FIG. 1 is a schematic block diagram showing an ultrasonic diagnostic apparatus according to the present invention, FIG. 2 is a diagram showing a detailed circuit of the motion detection circuit shown in FIG. 1, and FIG. 3 is an inkless scan to which the present invention is applied. FIG. 4 is a schematic diagram showing a non-interlace scan. l... Ultrasonic probe, 2... Transmission/reception circuit, 3...
A/D converter, 4.5...Field memory, 6.7
. . . Multi-brake 2, 9 . . . Coordinate transformation and interpolation circuit, IO . . . Frame memory, 11 . . . TV display unit, 20 . 23, 24...Latch circuit, 25...Absolute value circuit,
2G...Comparator, 31...1 line memory,
32...Line interpolation circuit. Applicant's agent Patent attorney Takehiko Suzue

Claims (1)

[Claims] Ultrasonic waves are transmitted and received from the ultrasound probe to the subject, and the received signal obtained by this is converted into a digital signal by an A/D converter, and this data is used as ODD in ultrasound scanning.
, in an ultrasonic diagnostic apparatus that writes data to each field memory every time an EVEN field is scanned, reads out data from each field memory, and displays the data on a display system.

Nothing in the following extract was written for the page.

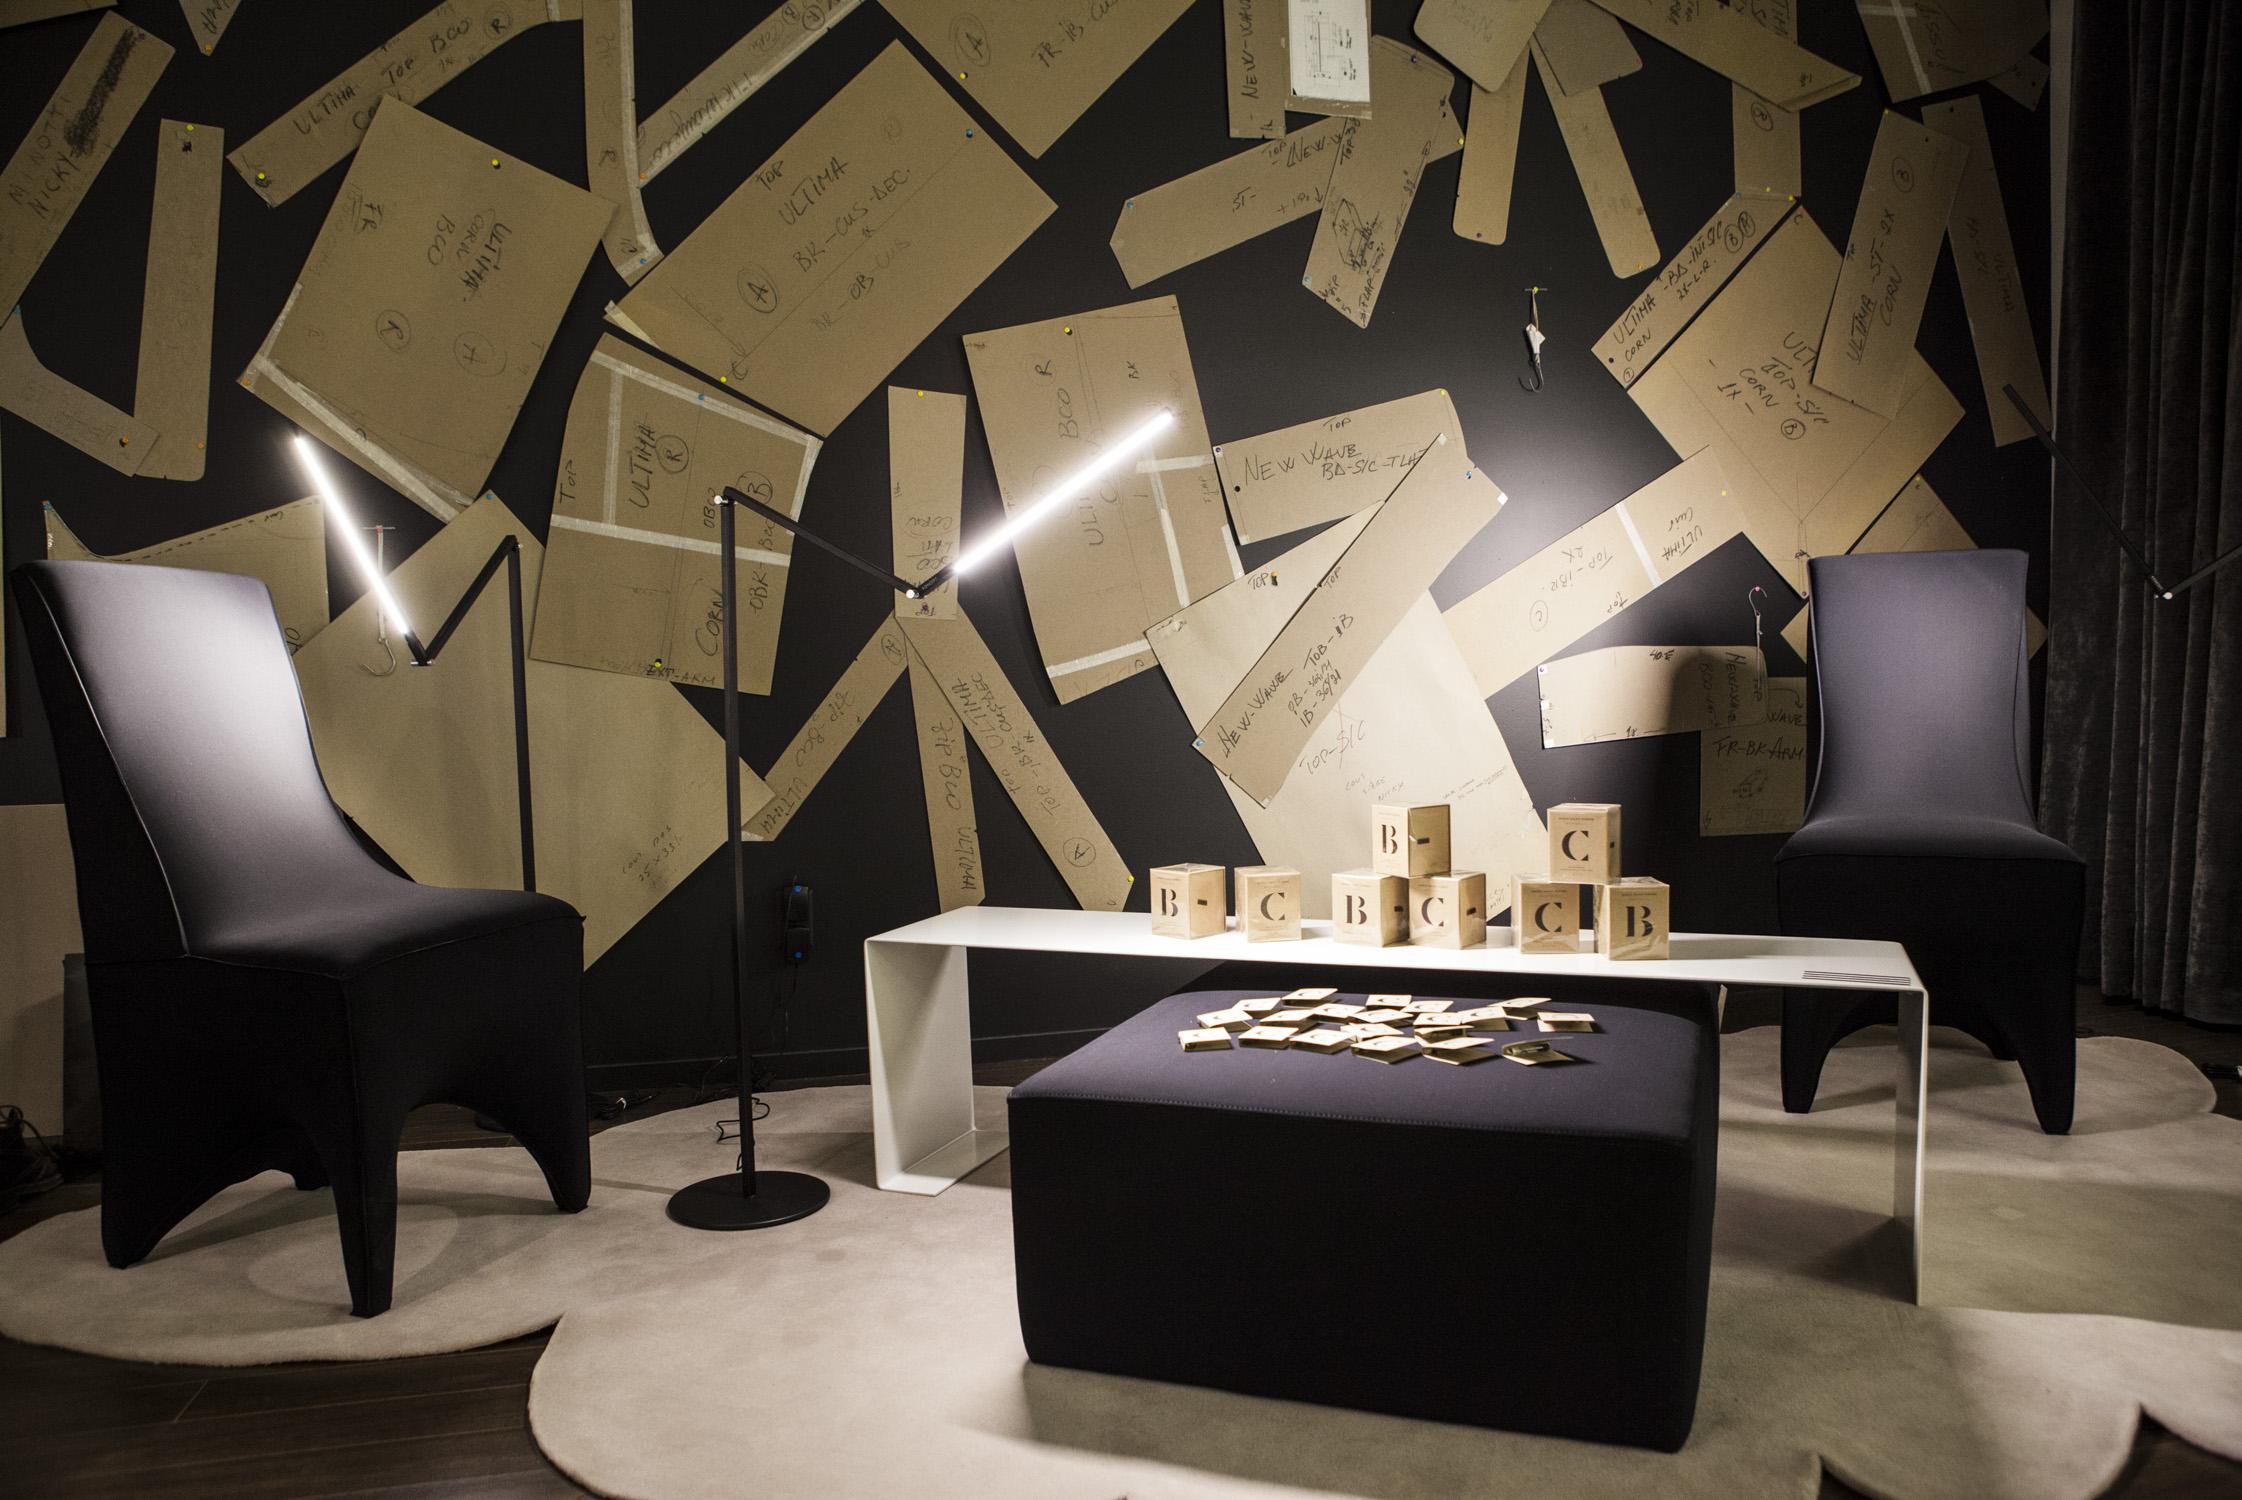 Marie Saint Pierre X Meubles Re-No: Fashionable Furnishings  – montrealgazette.com, April 14, 2014
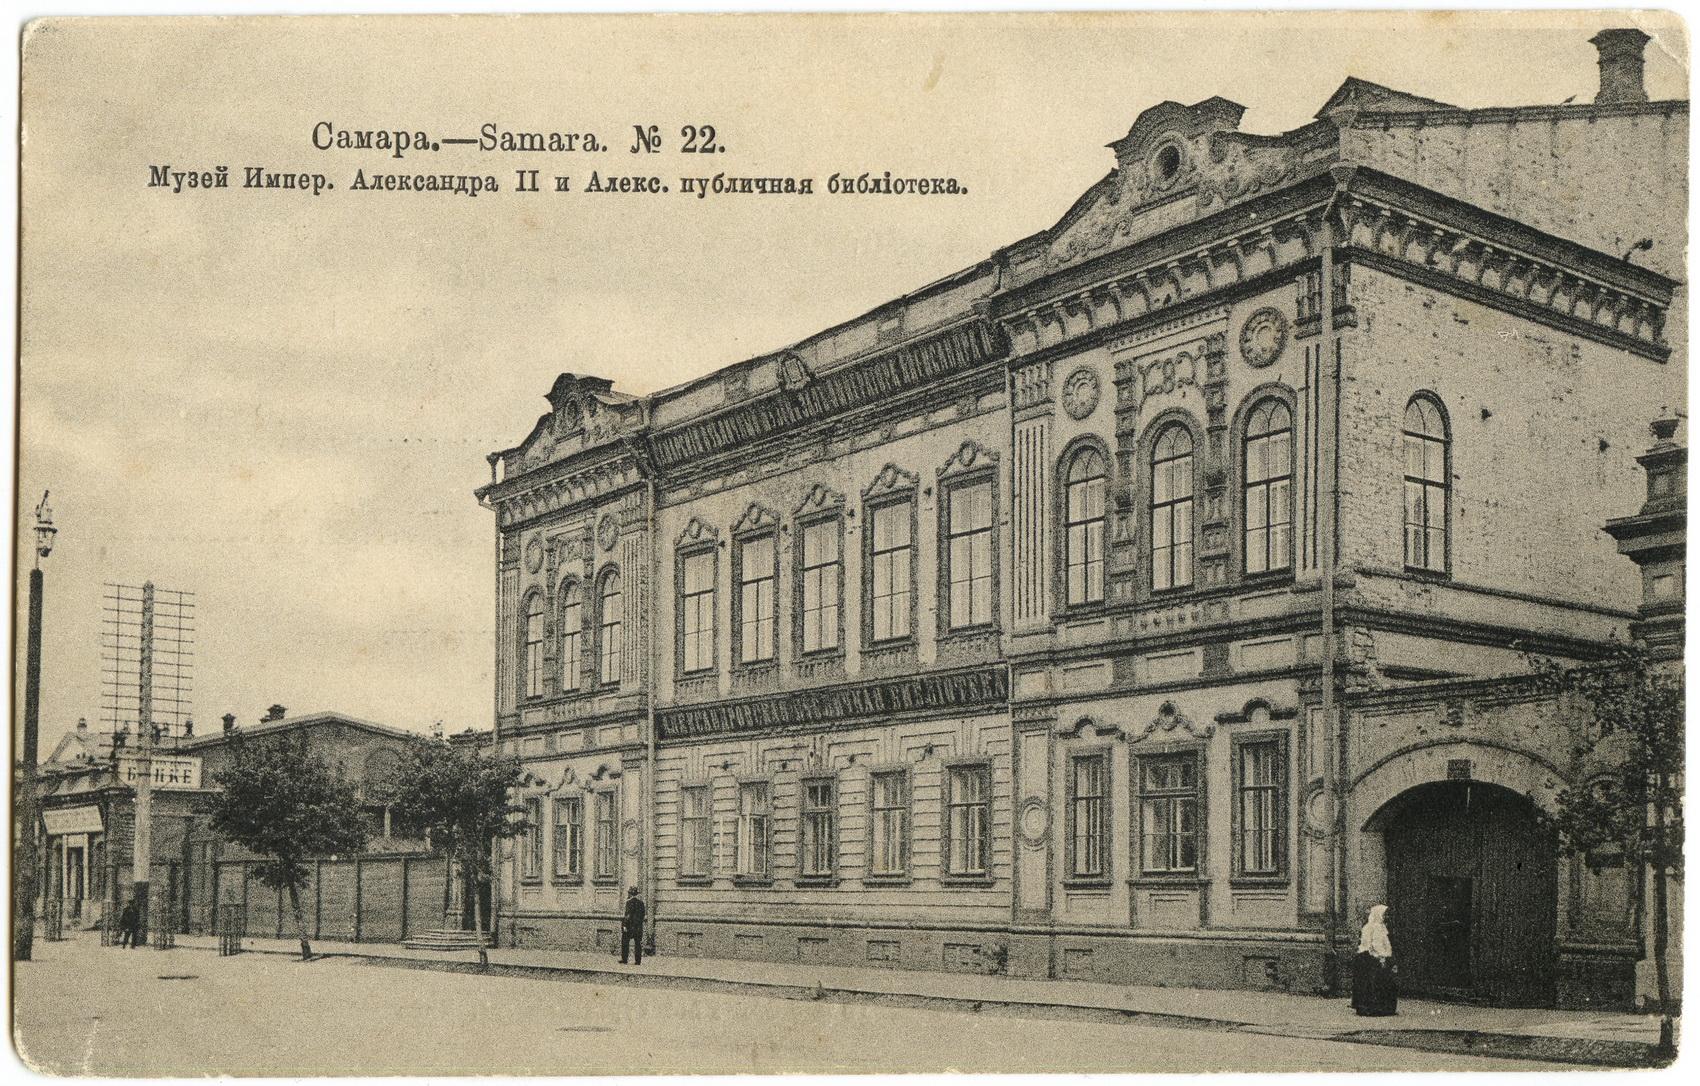 Самарский публичный музей и Зал императора Александра II при Александровской публичной библиотеке

a motion detection circuit that determines that there is movement when the difference data obtained by subtracting the data from the converter and the data of one frame before stored in the field memory exceeds a predetermined value; The raster is created by an interline interpolation circuit that interpolates the rasters before and after this field scan, and based on the results of the motion detection circuit, if there is no movement, the raster that is not in the field scan takes in the data from one field before, and An ultrasonic diagnostic apparatus characterized by comprising: control means for taking in data from the interline interpolation circuit in some cases.